To list the calculations launched on the cluster, we use the pbstop program:

chupin@cluster:~/pi/> pbstop

that produces something like:

Usage Totals: 0/320 Procs, 0/8 Nodes, 0/1 Running Jobs
Node States: 8 free

CPU 0
     1 2 3 4 5 6 7 8 9 0 1 2 3 4 5 6 7 8 9 0 1 2 3 4 5 6 7 8 9 0
     ---------------------------------------------------------------
clust1 ... ... ... ... ... ... ... ... ... ... ... ... ... ... ....
clust1 .... ... ... ... ... .....
     ---------------------------------------------------------------

     1 2 3 4 5 6 7 8 9 0 1 2 3 4 5 6 7 8 9 0 1 2 3 4 5 6 7 8 9 0
     ---------------------------------------------------------------
clust2 ....................................................................
clust2 ... ... ... ... ... .....
     ---------------------------------------------------------------

     1 2 3 4 5 6 7 8 9 0 1 2 3 4 5 6 7 8 9 0 1 2 3 4 5 6 7 8 9 0
     ---------------------------------------------------------------
clust3 ....................................................................
clust3 ... ... ... ... ... ....
     ---------------------------------------------------------------

     1 2 3 4 5 6 7 8 9 0 1 2 3 4 5 6 7 8 9 0 1 2 3 4 5 6 7 8 9 0
     ---------------------------------------------------------------
clust4 ....................................................................
clust4 ... ... ... ... ... ....
     ---------------------------------------------------------------

     1 2 3 4 5 6 7 8 9 0   1 2 3 4 5 6 7 8 9 0   1 2 3 4 5 6 7 8 9 0
     ---------------------------------------------------------------
clust5 . . . . . . . . . .   . . . . . . . . . .   . . . . . . . . . .
clust5 . . . . . . . . . .
     ---------------------------------------------------------------

     1 2 3 4 5 6 7 8 9 0   1 2 3 4 5 6 7 8 9 0   1 2 3 4 5 6 7 8 9 0
     ---------------------------------------------------------------
clust6 . . . . . . . . . .   . . . . . . . . . .   . . . . . . . . . .
clust6 . . . . . . . . . .
     ---------------------------------------------------------------

     1 2 3 4 5 6 7 8 9 0   1 2 3 4 5 6 7 8 9 0   1 2 3 4 5 6 7 8 9 0
     ---------------------------------------------------------------
clust7 . . . . . . . . . .   . . . . . . . . . .   . . . . . . . . . .
clust7 . . . . . . . . . .
     ---------------------------------------------------------------

     1 2 3 4 5 6 7 8 9 0   1 2 3 4 5 6 7 8 9 0   1 2 3 4 5 6 7 8 9 0
     ---------------------------------------------------------------
clust8 . . . . . . . . . .   . . . . . . . . . .   . . . . . . . . . .
clust8 . . . . . . . . . .
     ---------------------------------------------------------------

  Job#  Username  Queue    Jobname    Nodes   S  Elapsed/Requested
  150   chupin    jobq     PythonDIIS     1   Q       --/   04:00

[?] unknown  [@] busy  [*] down  [.] idle  [%] offline  [!] other

Other programs

Other programs are available to handle calculations launched by qsub.

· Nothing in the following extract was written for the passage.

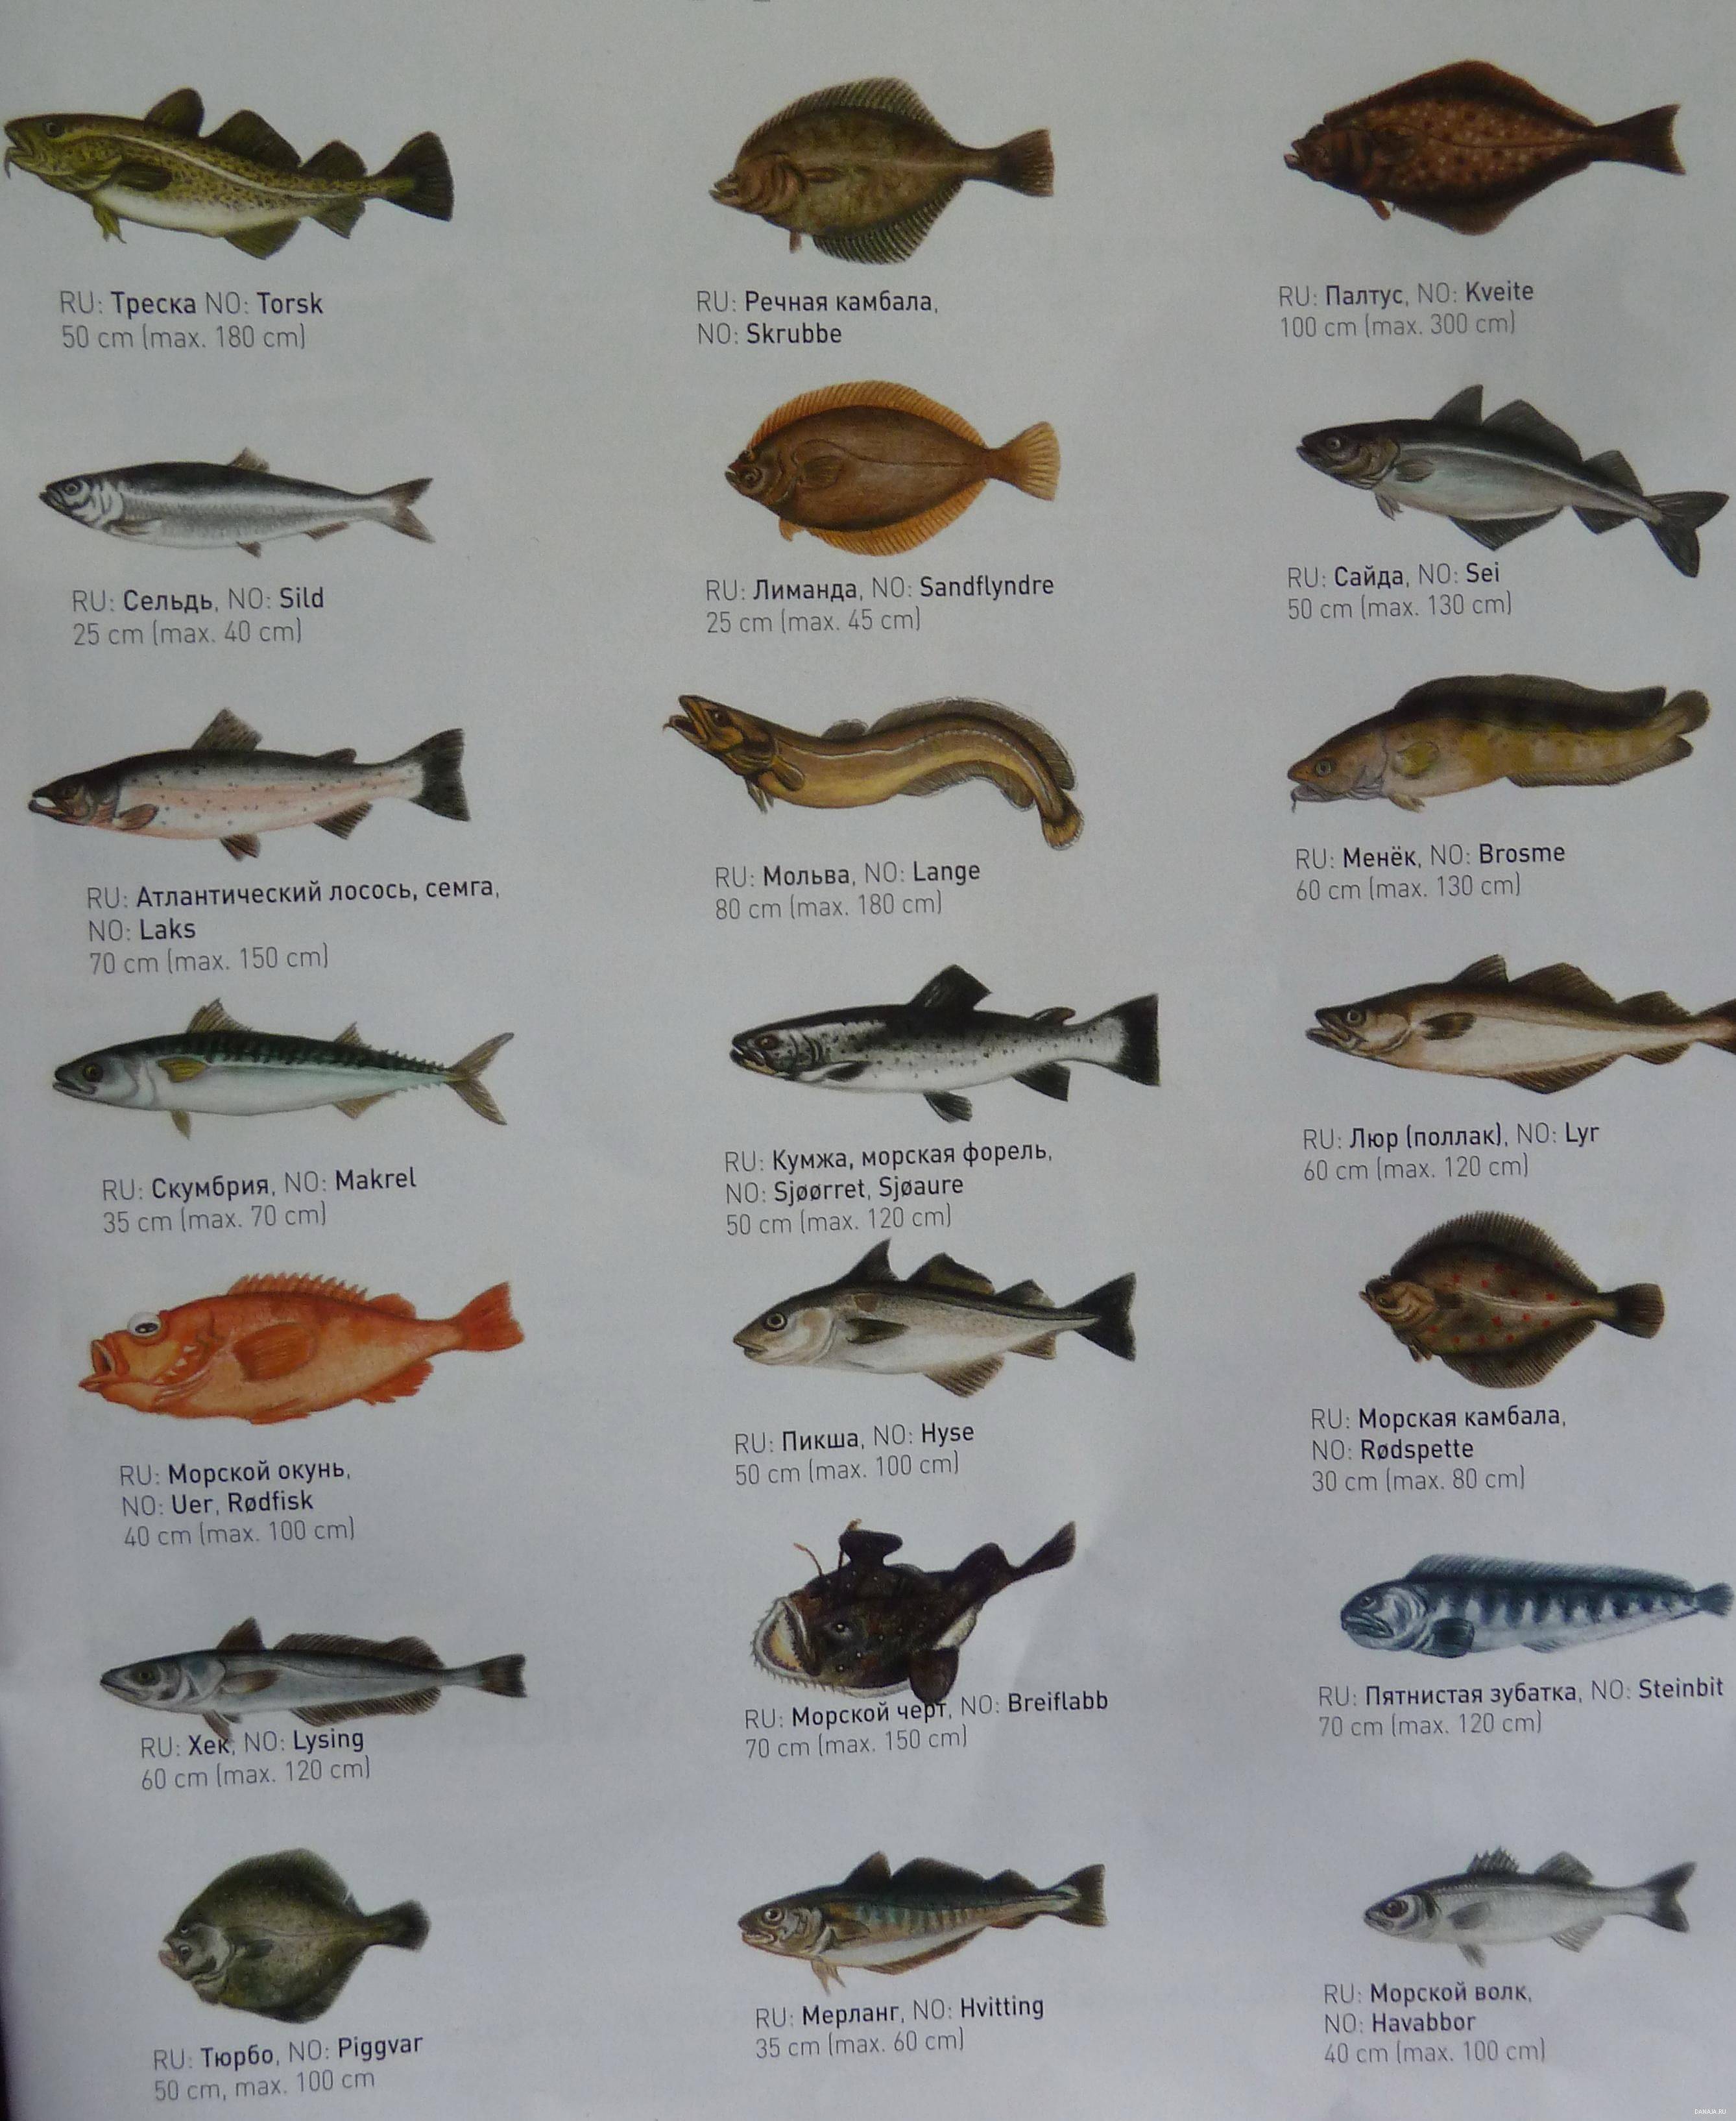 Рыба-заяц: описание и разновидности морского кролика, полезные свойства и вред, рецепты приготовления химеры

In particular :

  • qsub which allows you to submit a calculation.

  • qstat which examines the status of a job. The ID given in the #JOB column of pbstop must be given.

    chupin@cluster:~/pi/> qstat 150
  • qhold that puts a job on hold. The ID given in the #JOB column of pbstop must be given.

  • qrls that quits waiting for a job. The ID given in the #JOB column of pbstop must be given.

  • qdel that deletes a job. The ID given in the #JOB column of pbstop must be given.